Sayed Khwaja Aziz-ud-Din (12 July 1930 – June 1998) was an Indian footballer. He competed at the 1952 Summer Olympics and the 1956 Summer Olympics. He also captained the national team.

Personal life
Born on 12 July 1930 in Gocha Mahal, during the British Raj, Aziz studied from the infant class to the sixth form at the Government High School, Gocha Mahal. His physical instructor Thakur Rao taught him the rudiments of the game and inspired him to improve his prowess in football.

International career
Syed Khwaja Azizuddin, popularly known as Aziz, played either as full back or center half and was one of the versatile players in Indian football during the 1950s. He was a member of the India national football team that won gold medal at the inaugural 1951 Asian Games at Delhi.
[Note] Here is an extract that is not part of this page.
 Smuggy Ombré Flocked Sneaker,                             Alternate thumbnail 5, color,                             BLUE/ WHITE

He later participated in 1953 Quadrangular tournament in Rangoon with Balaidas Chatterjee managed team, and won the title.
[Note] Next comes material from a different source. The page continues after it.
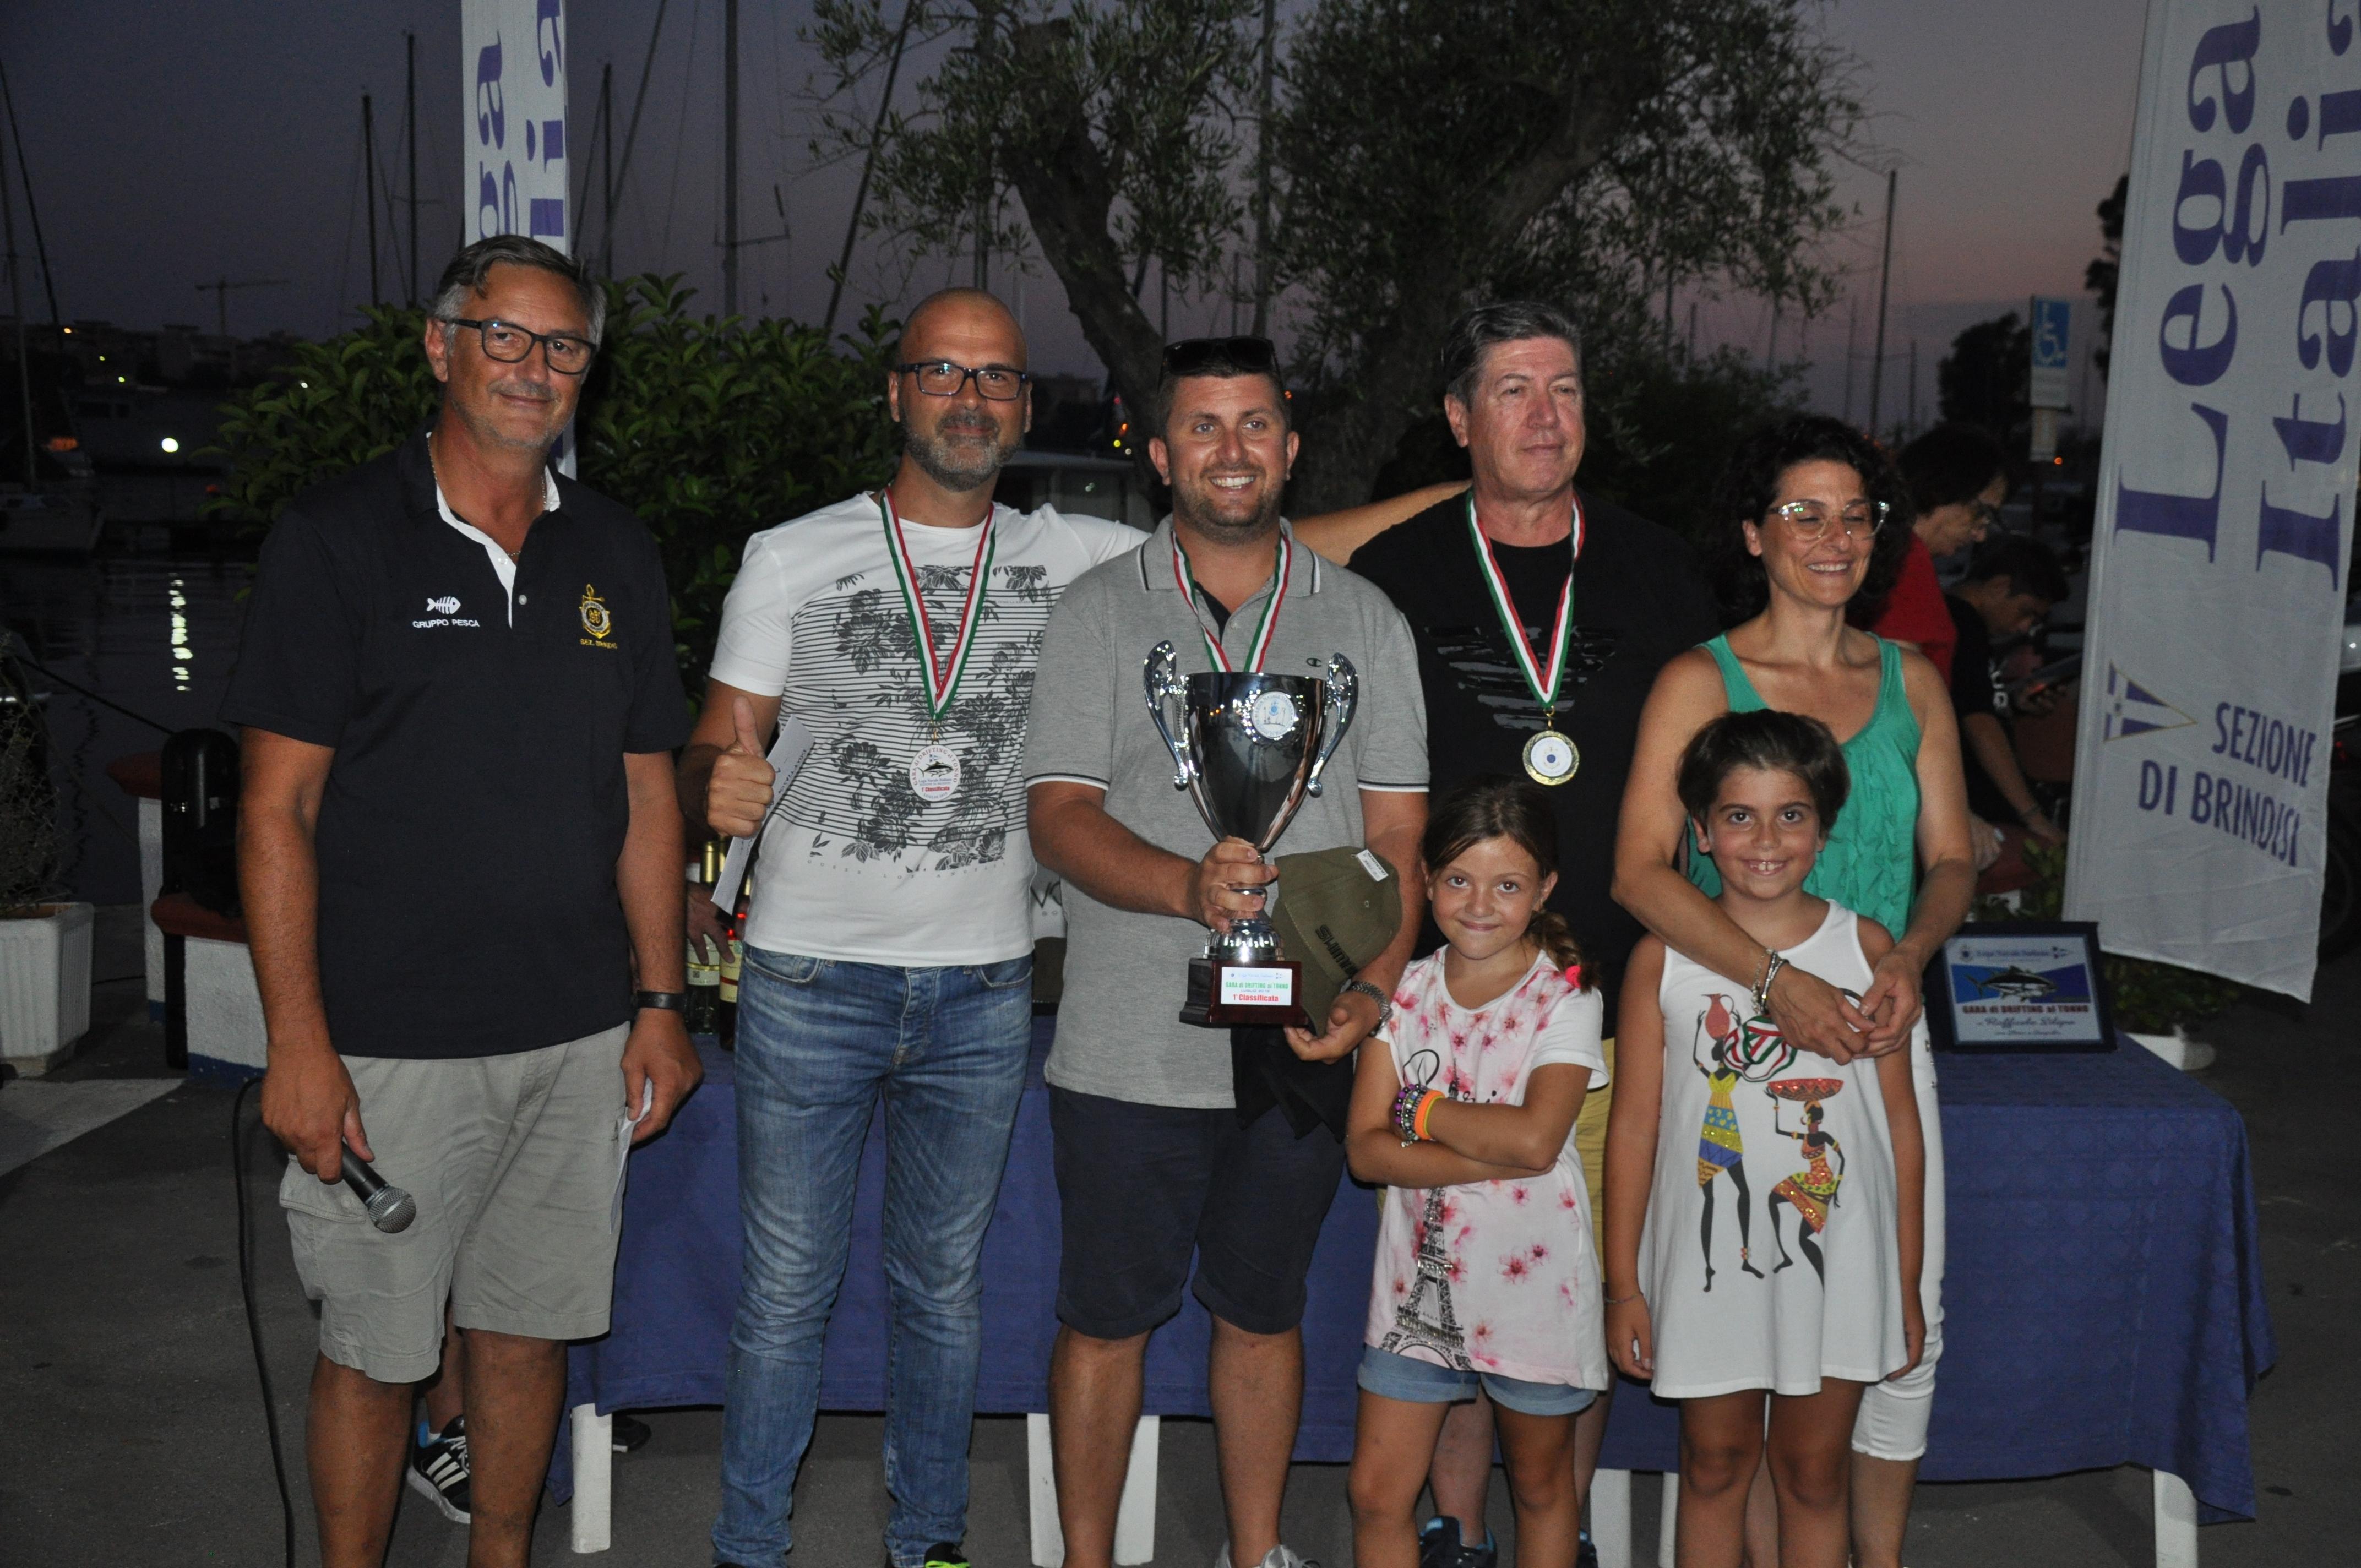 premiazione drifting al tonno 2018 (19)

In the 1956 Summer Olympics at Melbourne, Australia, Aziz appeared with the national team that finished in fourth place, losing the bronze-medal match to Bulgaria 3–0. He was also captain of the national team, that emerged victories in the Quadrangular Tournament at Dhaka, Bangladesh, in 1955.
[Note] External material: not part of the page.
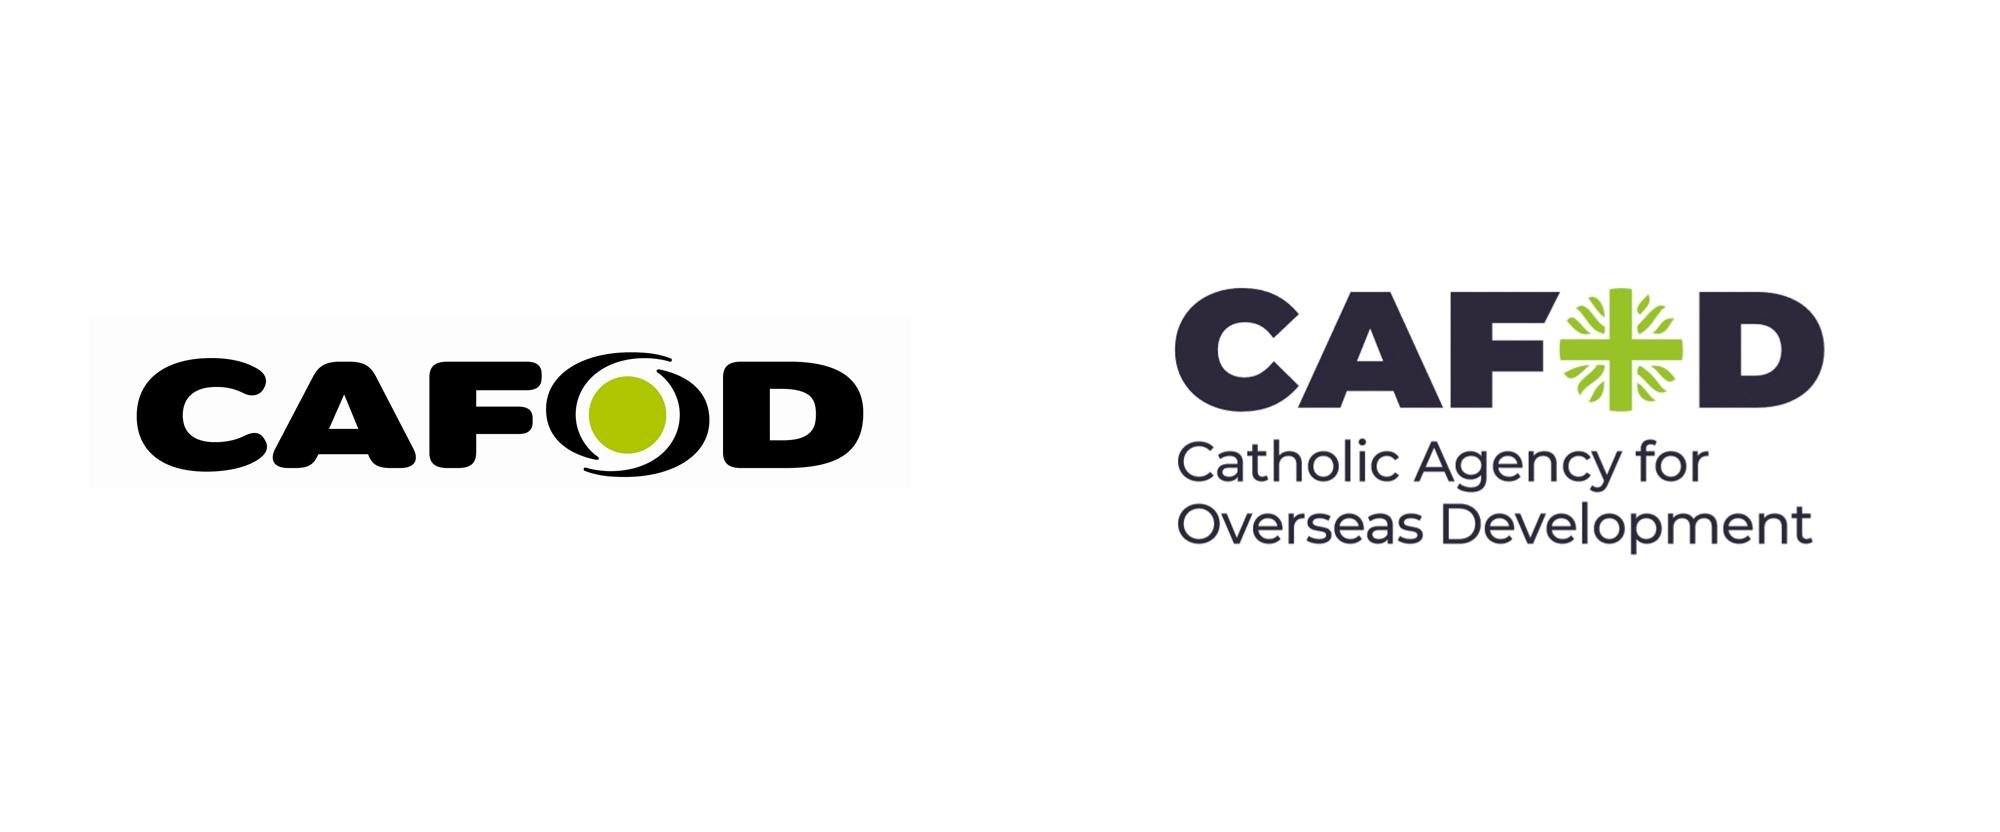 New Logo for CAFOD

Aziz participated in the 1958 Asian Games in Tokyo, where they finished fourth, losing the bronze-medal match to Indonesia 4–1. The next year he traveled to Malaysia where they took part in the Merdeka Cup, and finished as the tournament runners-up.

In national team, Aziz's teammates under coach Syed Abdul Rahim were like: Ahmed Hussain, Peter Thangaraj, Nikhil Nandy, Samar Banerjee, P. K. Banerjee, Kesto Pal, Neville Stephen D'Souza, Tulsidas Balaram, Abdul Latif, Mariappa Kempiah, Chuni Goswami, Kannan, Mohammed Rahmatullah.

Club career
He began his club career with National Sporting Club. From 1949 to 1960, he played for Hyderabad state team in the Santosh Trophy. They reached the finals four times, emerging winners in 1956–57 and 1957–58 and runners-up in 1949–50 and 1950–51. On both occasions that Hyderabad won the Santosh Trophy, Aziz played as skipper.

When he joined the famed Hyderabad City Police, he came under the able guidance of the famous late Syed Abdul Rahim, who improved his techniques and tactical knowledge of the game. In 1951, he represented India for the first time during a tour of the Far East and later helped the country win the gold medal in the Asian Games at Delhi. Since then he was a regular for India till 1959, including tours to Russia, Ceylon and the Far East and test matches at home against Russia, Austria and Pakistan.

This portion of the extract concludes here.